Segment Start: Source records

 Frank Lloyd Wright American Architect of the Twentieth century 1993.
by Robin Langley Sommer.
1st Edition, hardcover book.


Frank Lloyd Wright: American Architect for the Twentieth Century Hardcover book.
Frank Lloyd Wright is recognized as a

Segment End: Source records
Segment Start: Source records

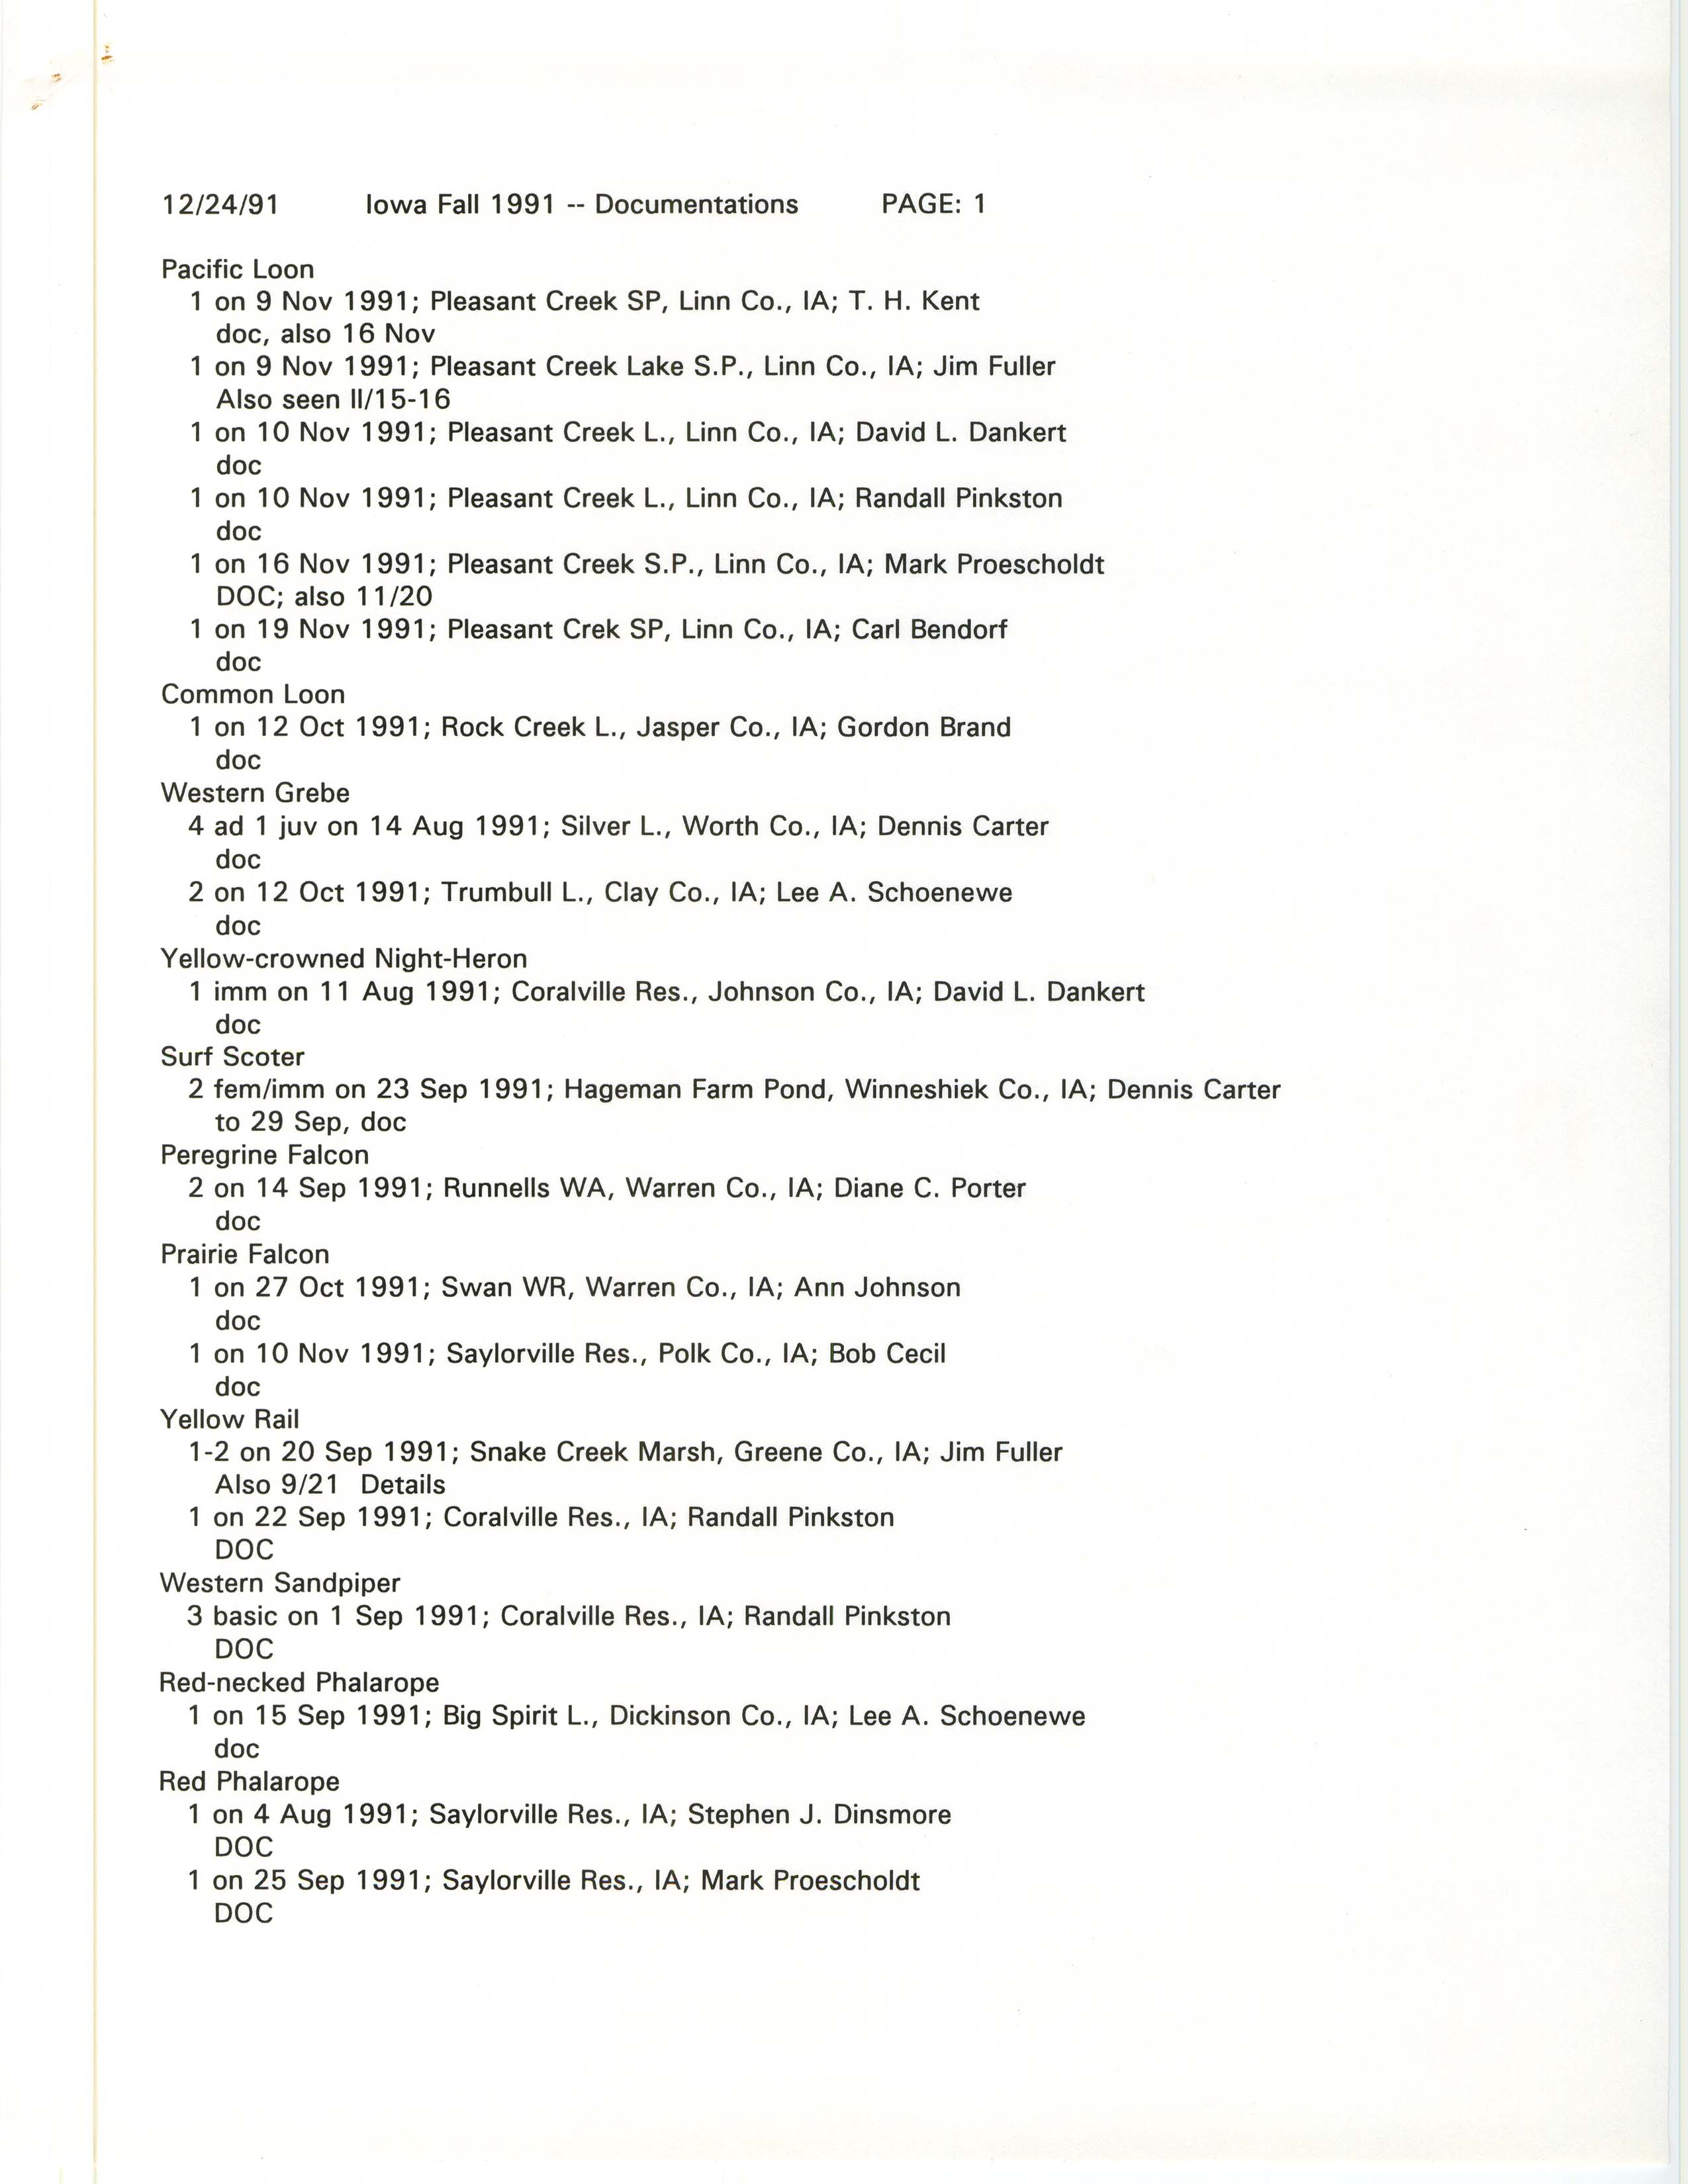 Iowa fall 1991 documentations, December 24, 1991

Segment End: Source records

### [Instructions for the task]
Copy all lines of the records that have the string "Twentieth" in them.

### [Written answer]
 Frank Lloyd Wright American Architect of the Twentieth century 1993.
Frank Lloyd Wright: American Architect for the Twentieth Century Hardcover book.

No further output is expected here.